Start of Dataset content

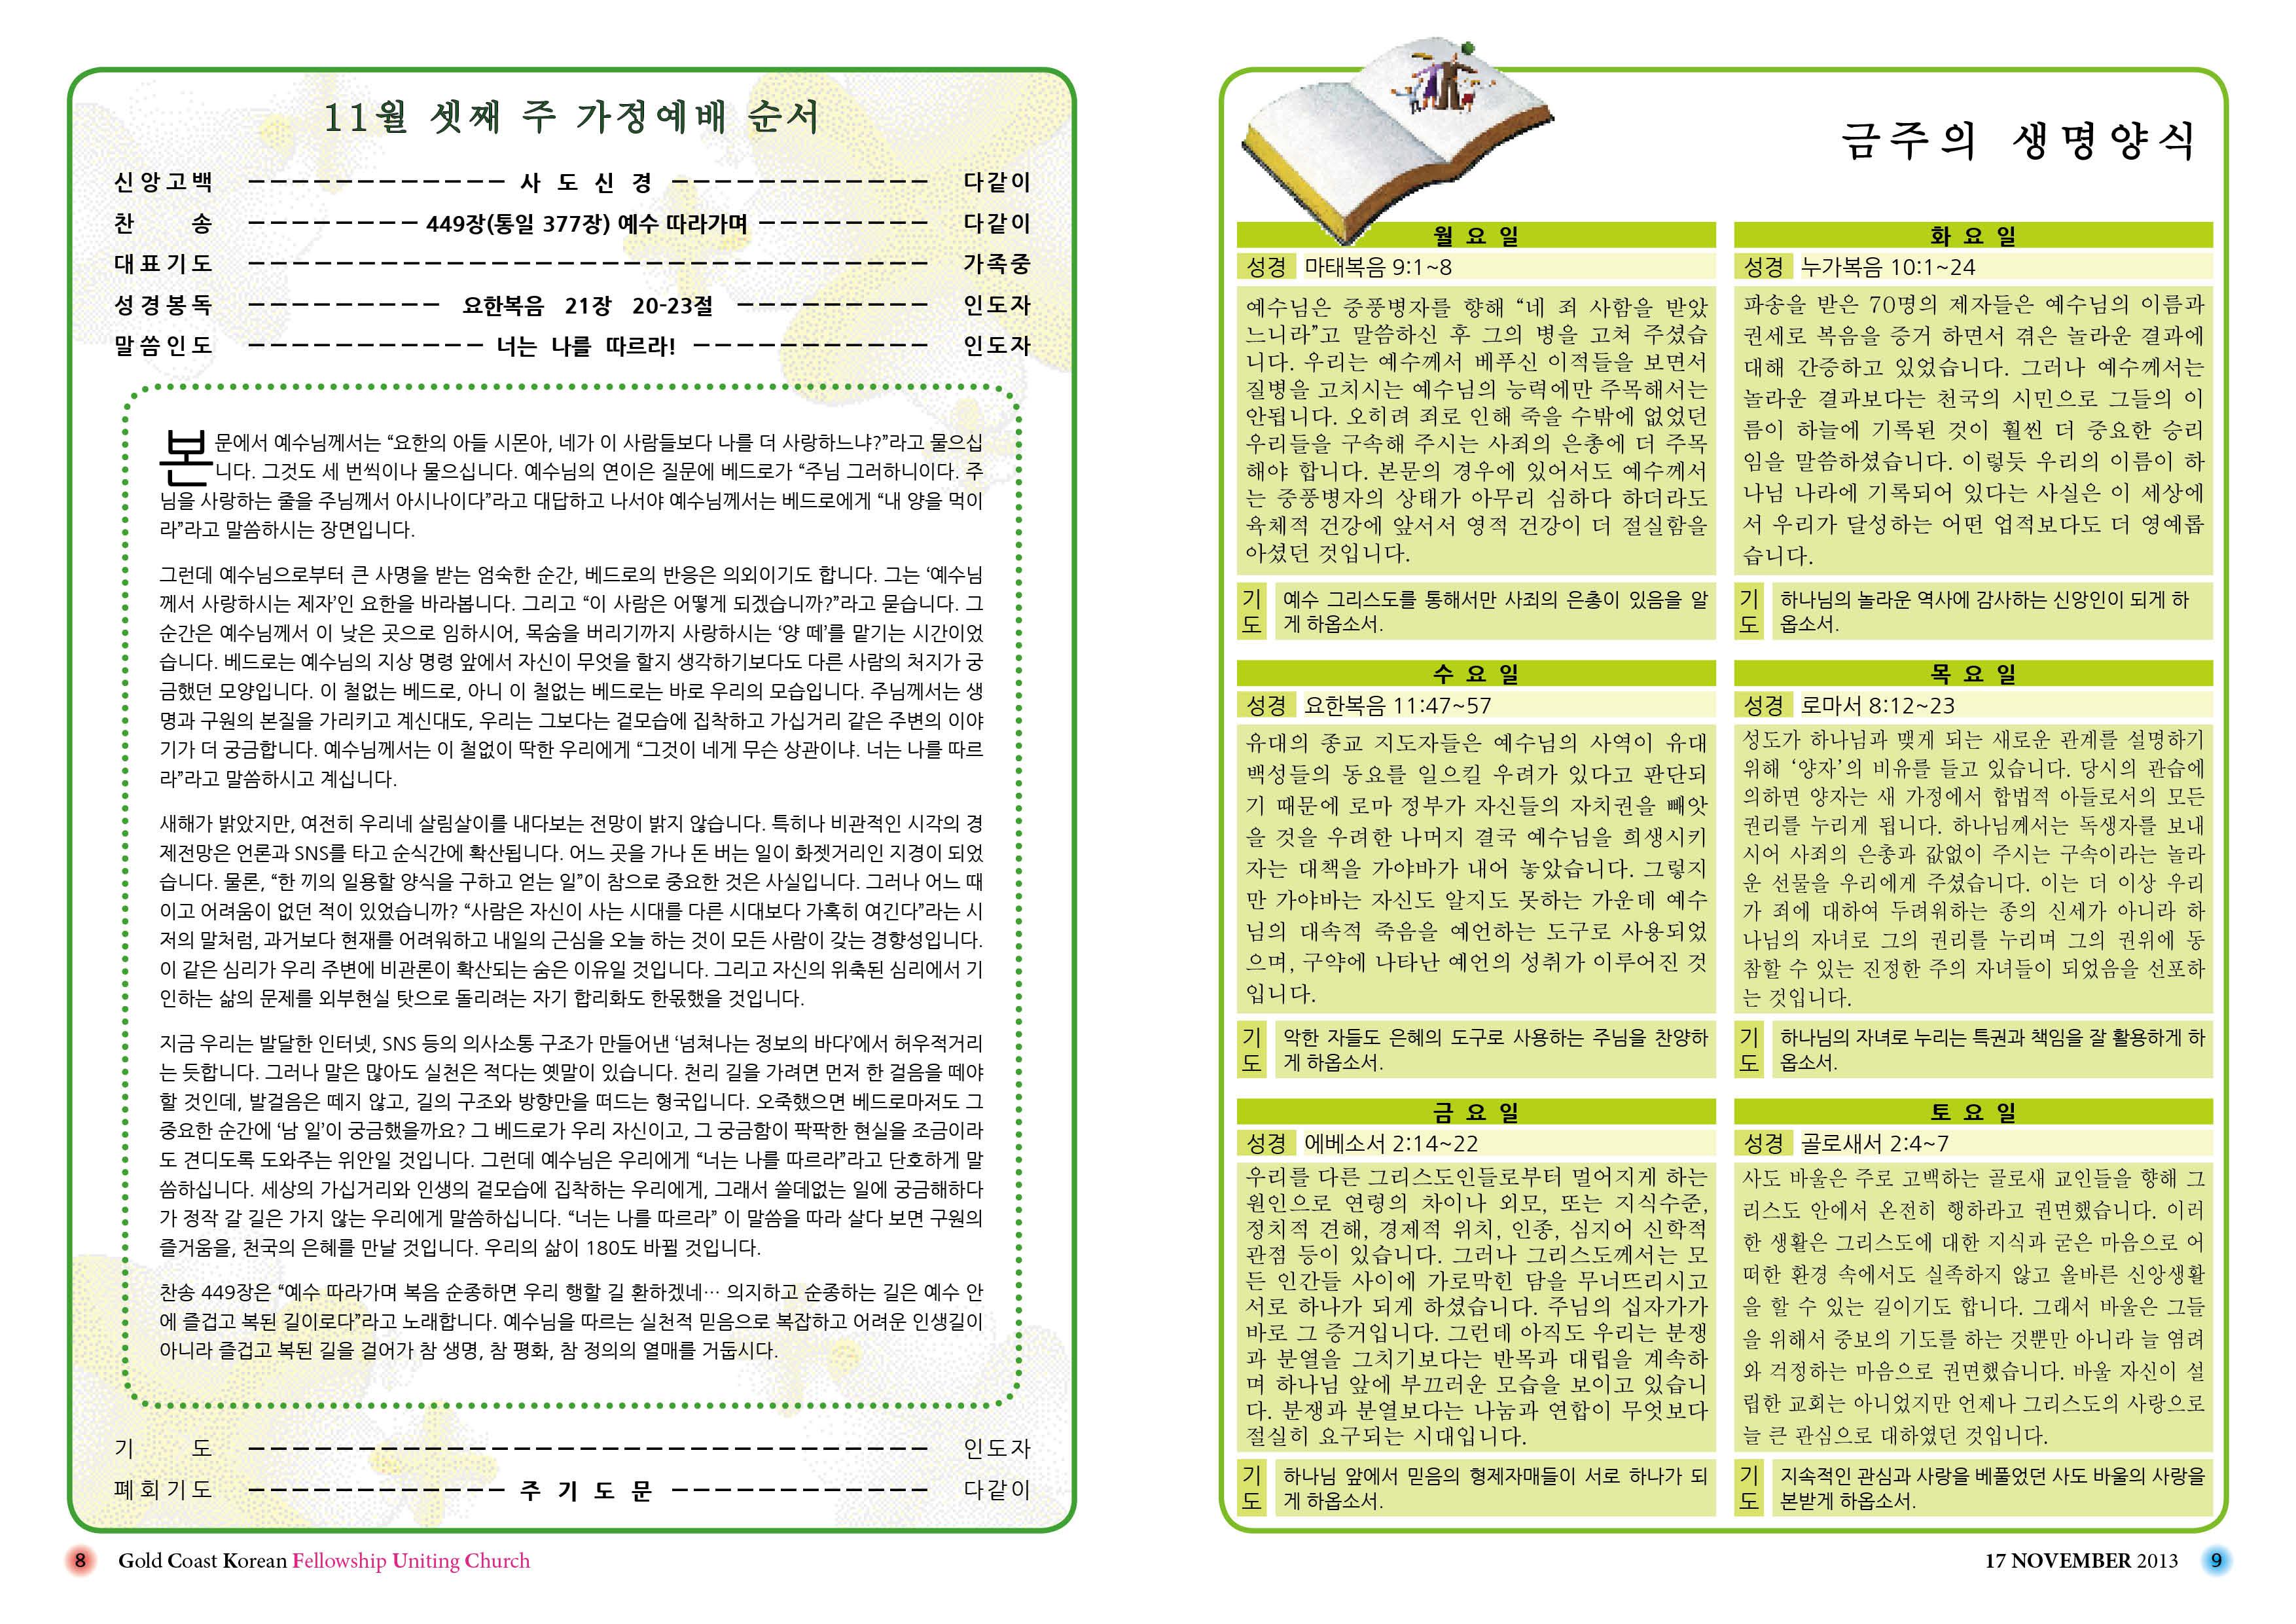 2013.11.10 주보(3차 수정)8.jpg
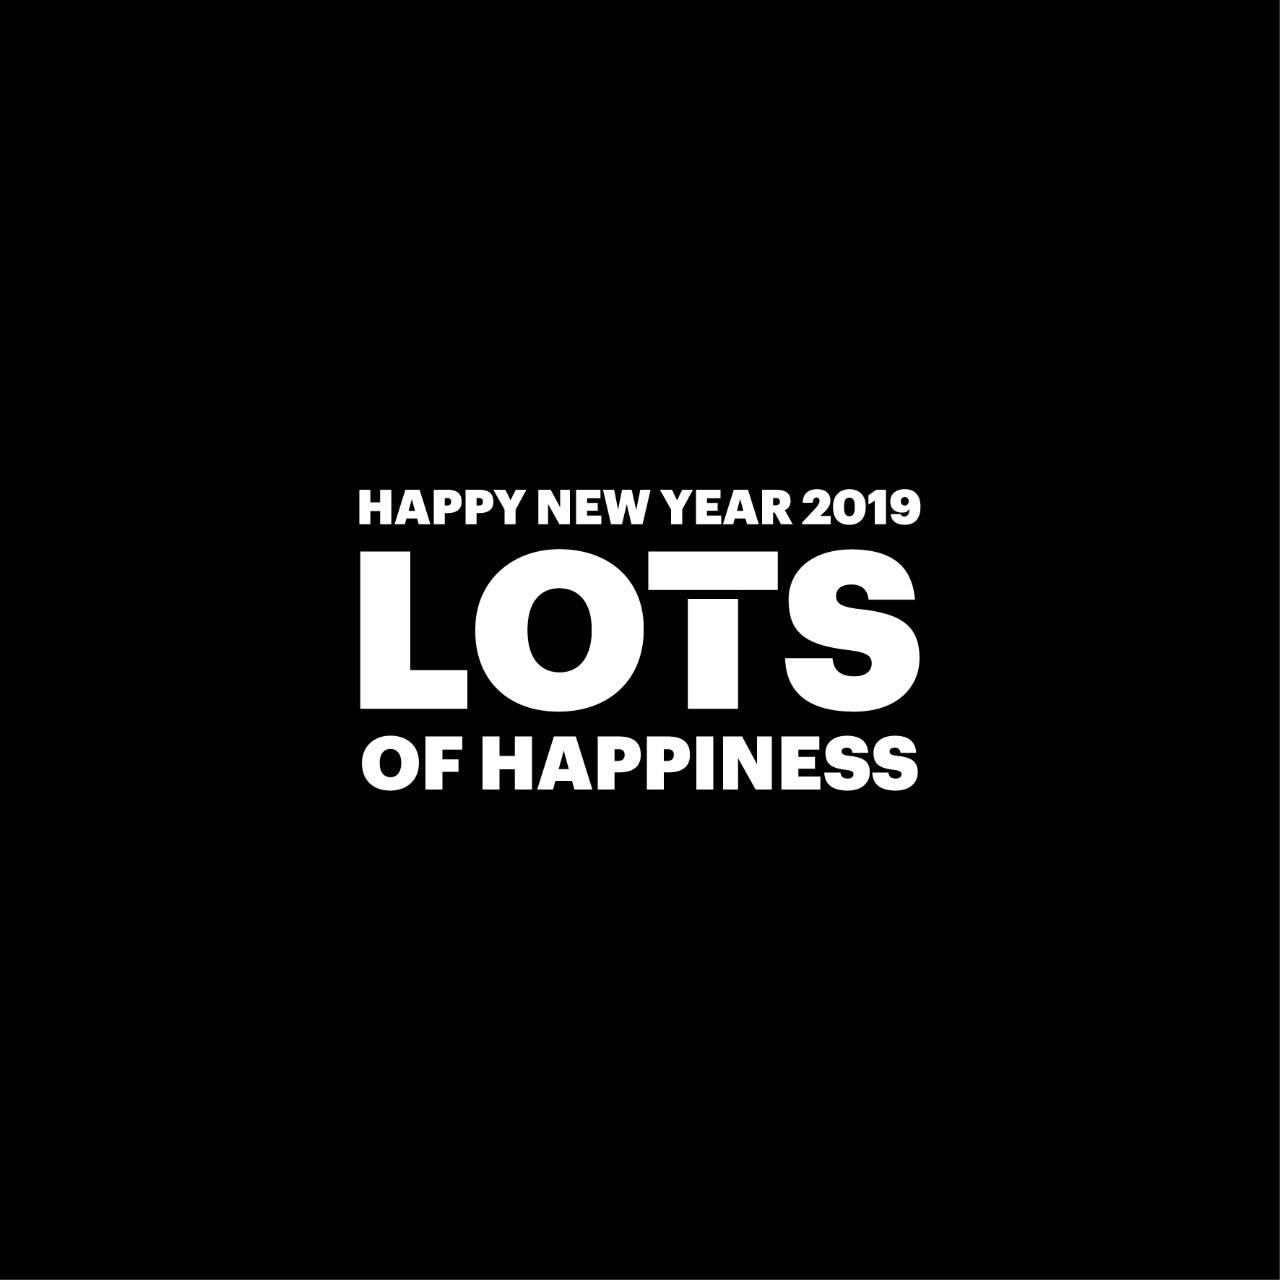 HAPPY NEW YEAR 2019 : SLOT
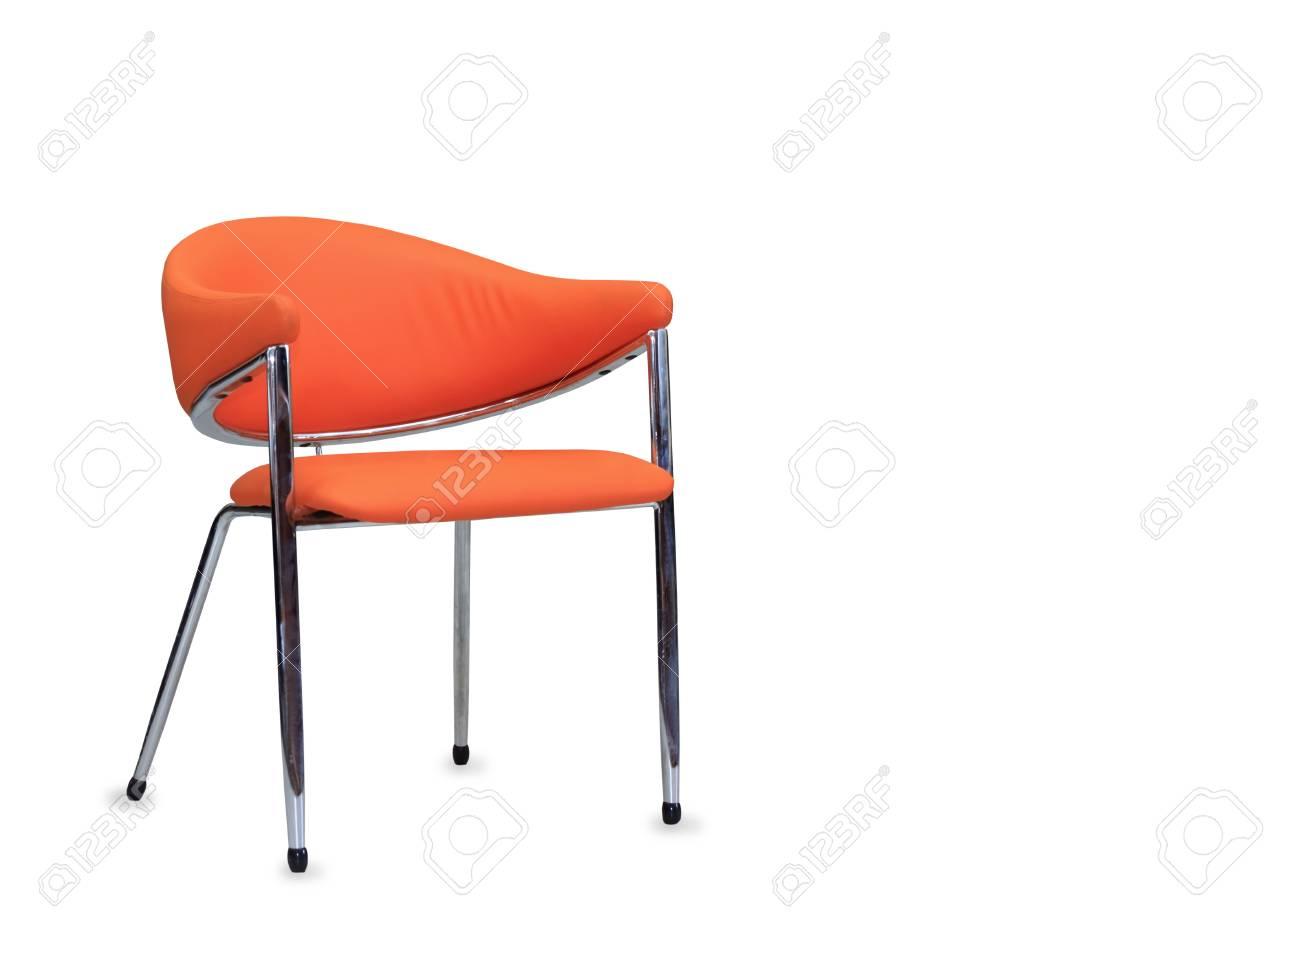 Sedie Ufficio Arancio : La sedia da ufficio in pelle arancione isolato foto royalty free
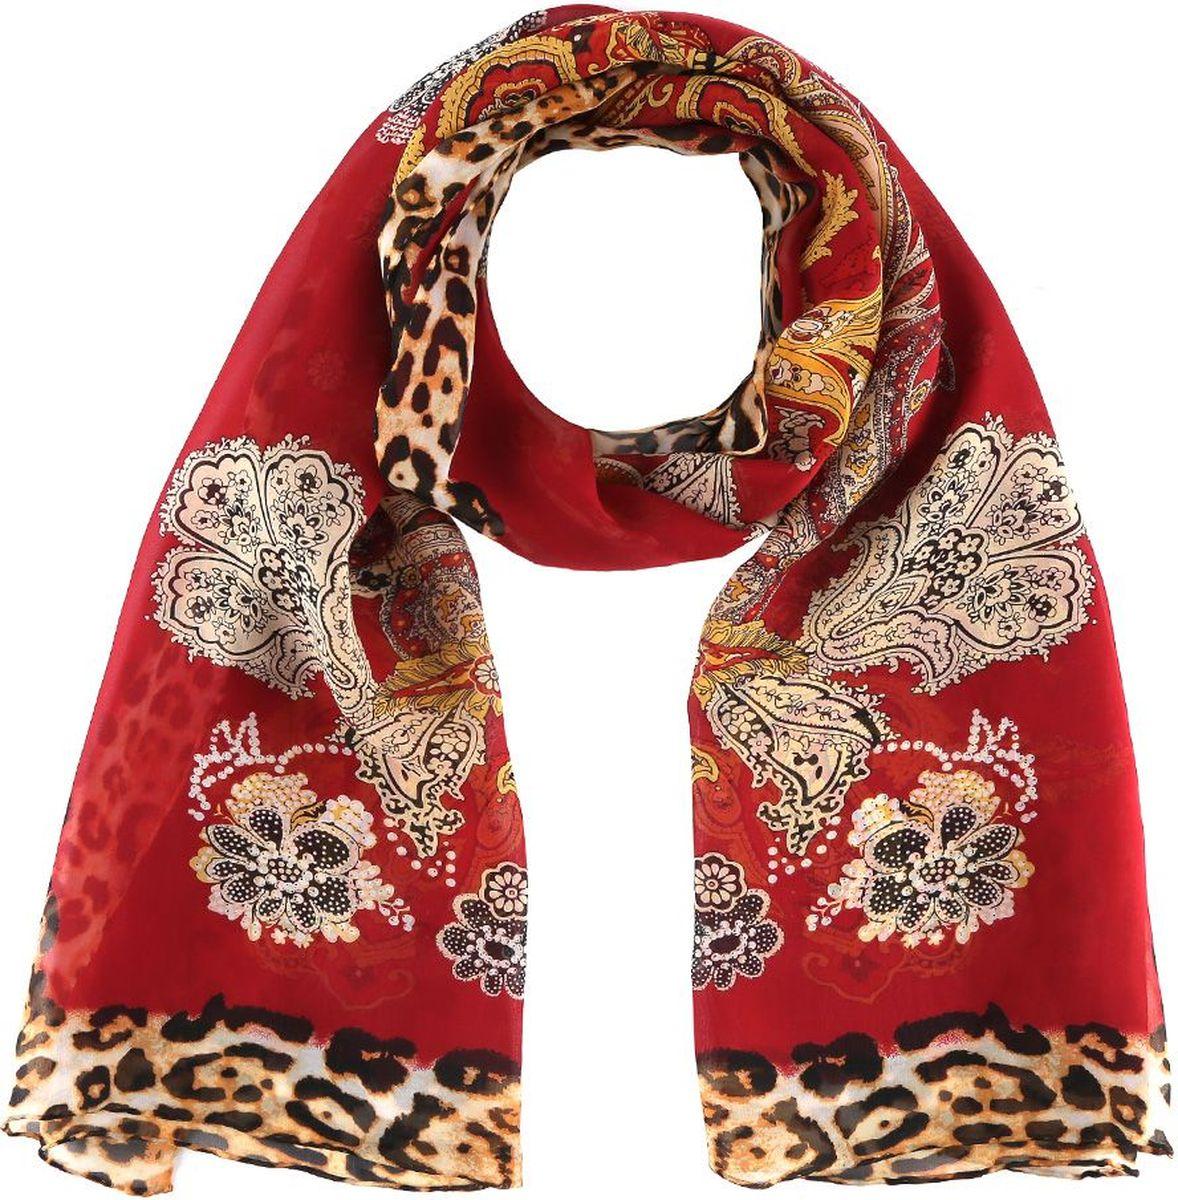 Шарф женский Fabretti, цвет: красный. 14YL064-B. Размер 180 см х 55 см14YL064-BШарф Fabretti станет удачным дополнением в вашем гардеробе. Выполнен из высококачественного материала и оформлен оригинальным принтом.

End of Dataset content

### Your goal
The complete listing must be transcribed verbatim, and all pictures are to be omitted.

### Answer box
 2013.11.10 주보(3차 수정)8.jpg
 HAPPY NEW YEAR 2019 : SLOT
 Sedie Ufficio Arancio : La sedia da ufficio in pelle arancione isolato foto royalty free
 Шарф женский Fabretti, цвет: красный. 14YL064-B. Размер 180 см х 55 см14YL064-BШарф Fabretti станет удачным дополнением в вашем гардеробе. Выполнен из высококачественного материала и оформлен оригинальным принтом.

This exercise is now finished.